PROBLEM TO SOLVE:
Repeat every record below exactly, but leave out any pictures.

DATA SUPPLIED:
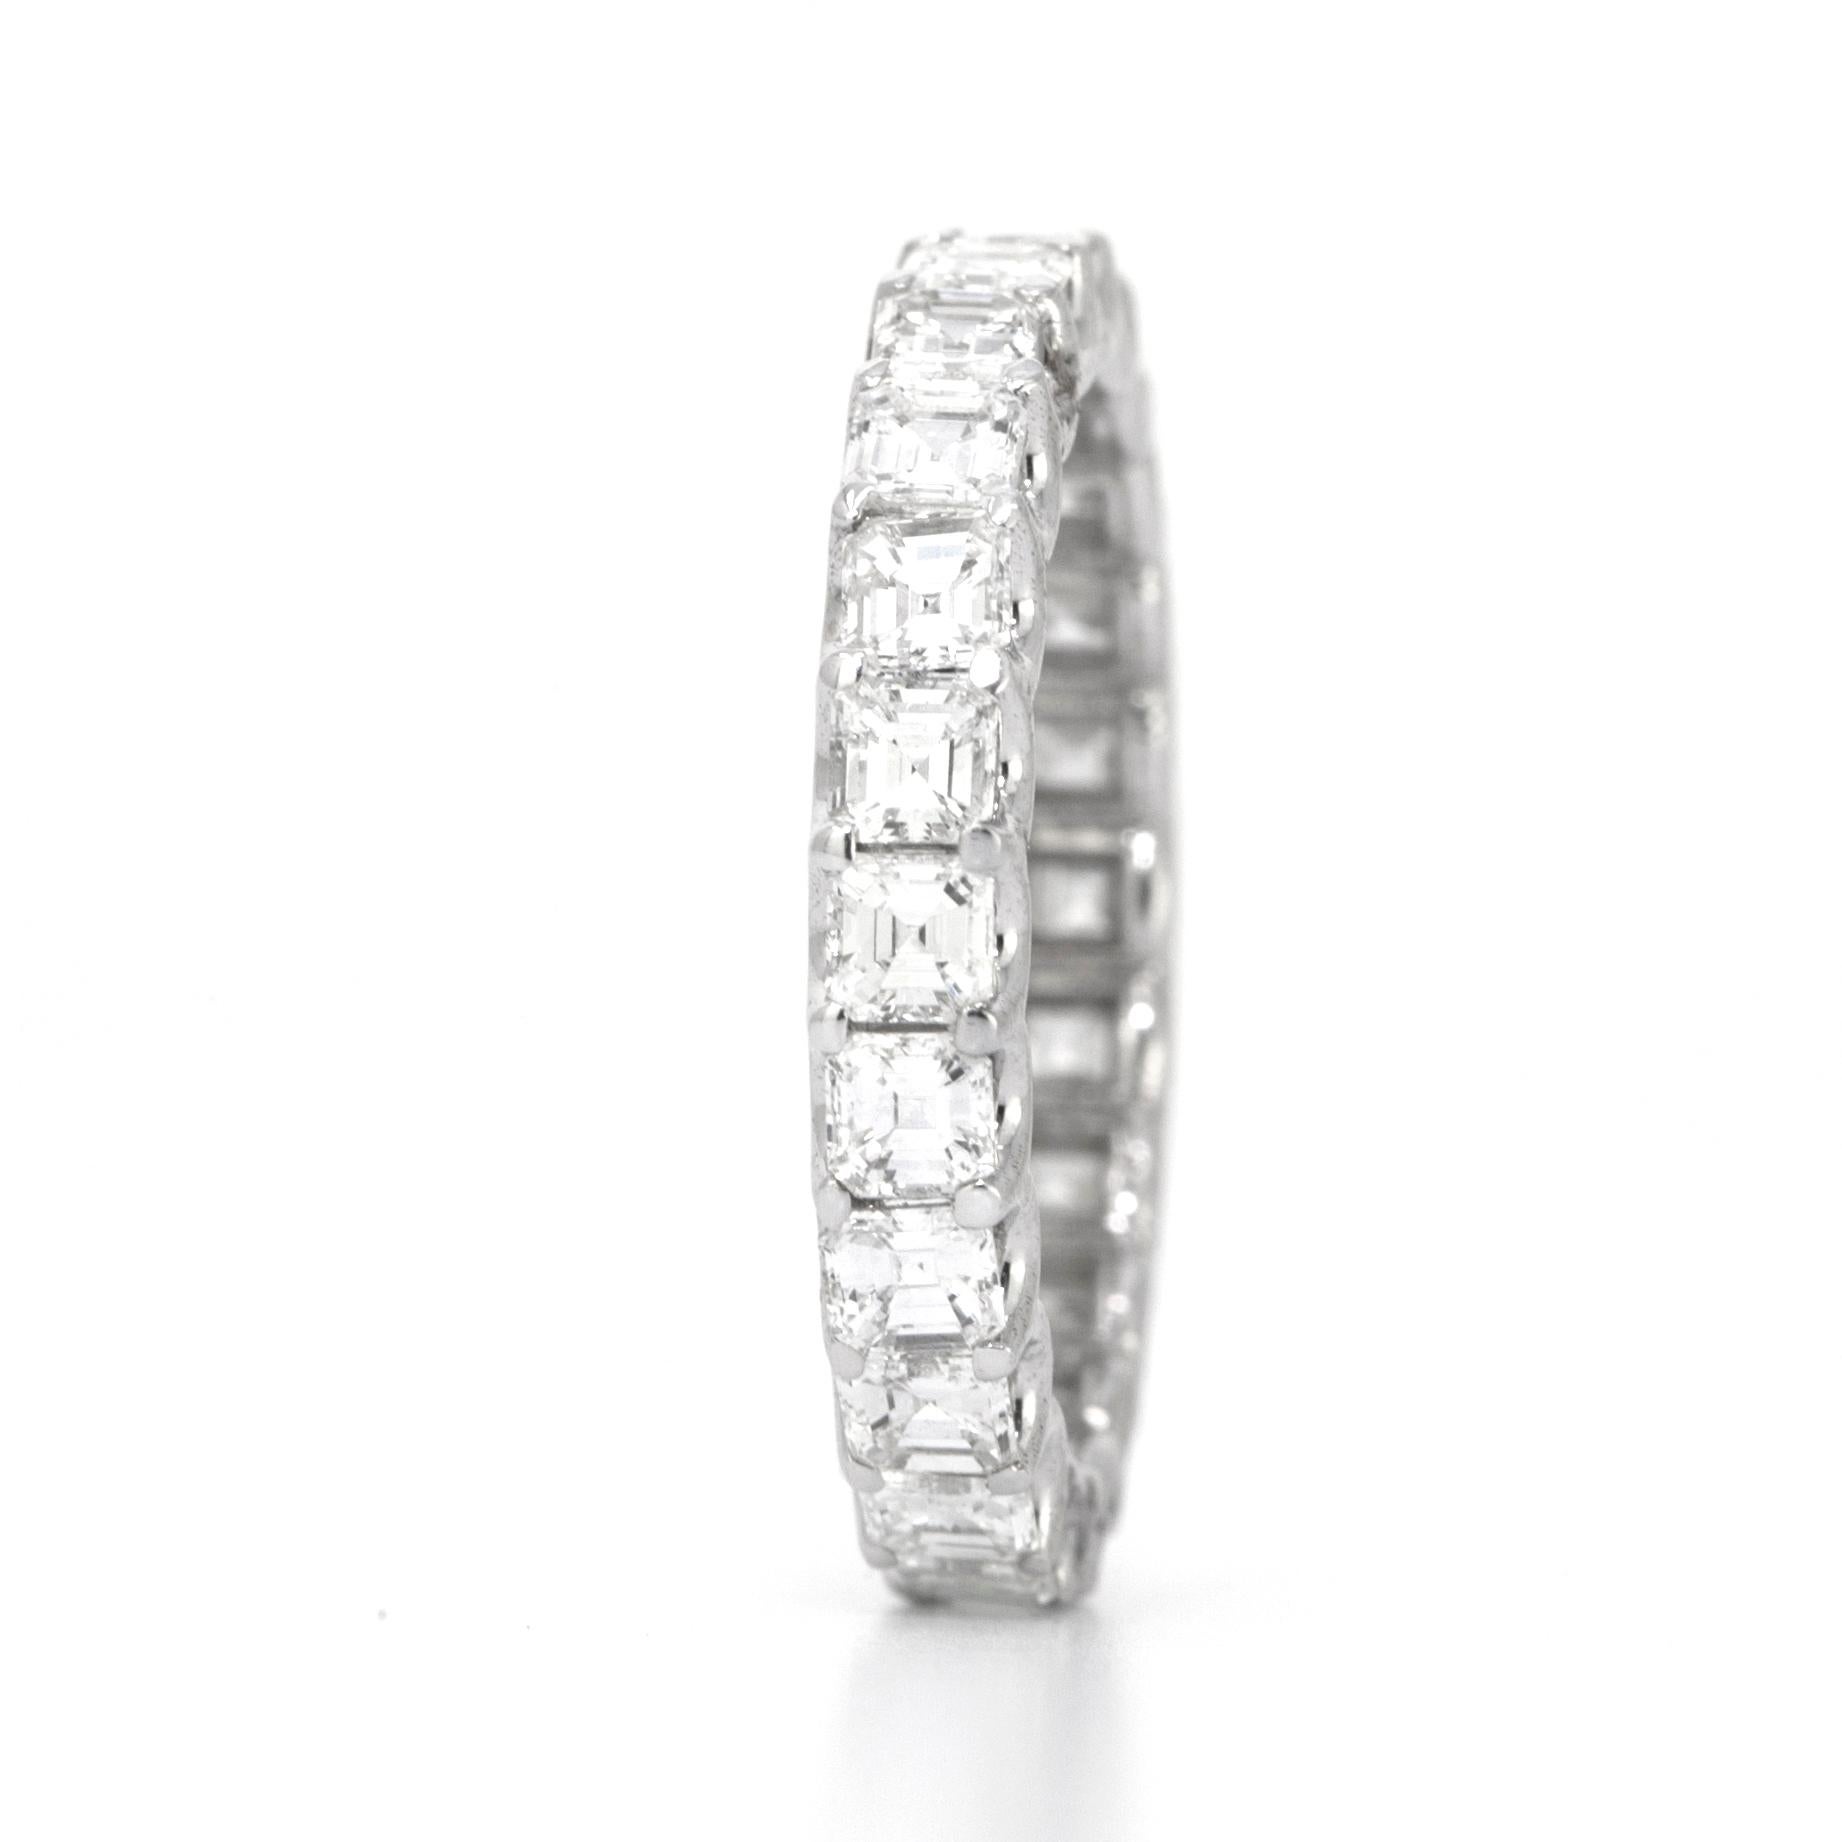 18K white gold eternity ring set with 24 asscher cut (square emerald cut) diamonds with total weight of 2.24 carats.
Diamonds are F/G in color and VS in clarity
Size: 6
Every Upper-Luxury piece will arrive in an elegant jewelry box.
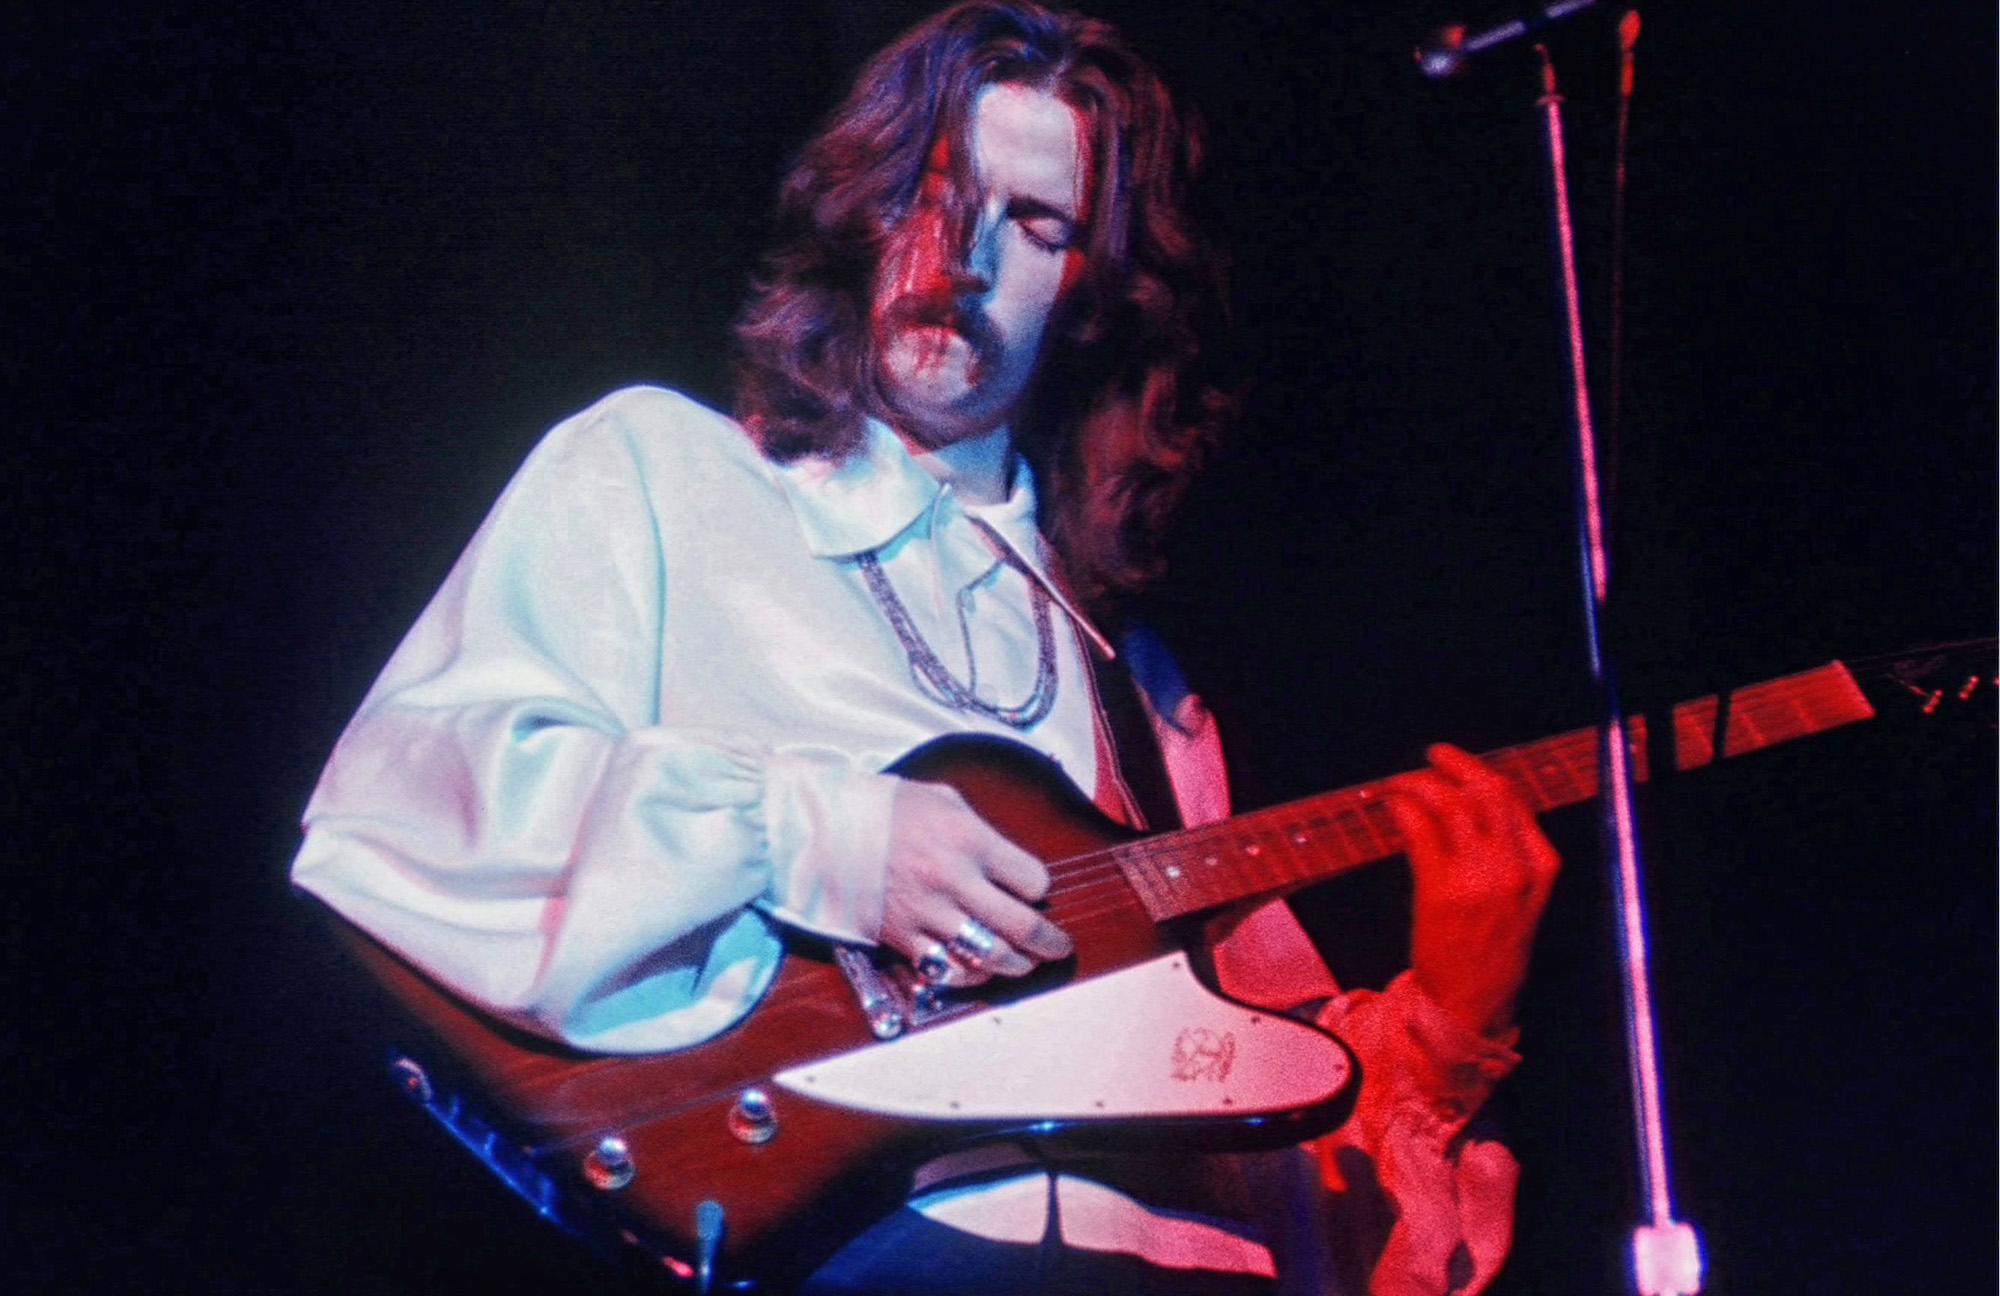 Eric Clapton performs onstage with Cream at The Forum in Inglewood, California in 1968

FINAL ANSWER:
 18K white gold eternity ring set with 24 asscher cut (square emerald cut) diamonds with total weight of 2.24 carats.
Diamonds are F/G in color and VS in clarity
Size: 6
Every Upper-Luxury piece will arrive in an elegant jewelry box.
 Eric Clapton performs onstage with Cream at The Forum in Inglewood, California in 1968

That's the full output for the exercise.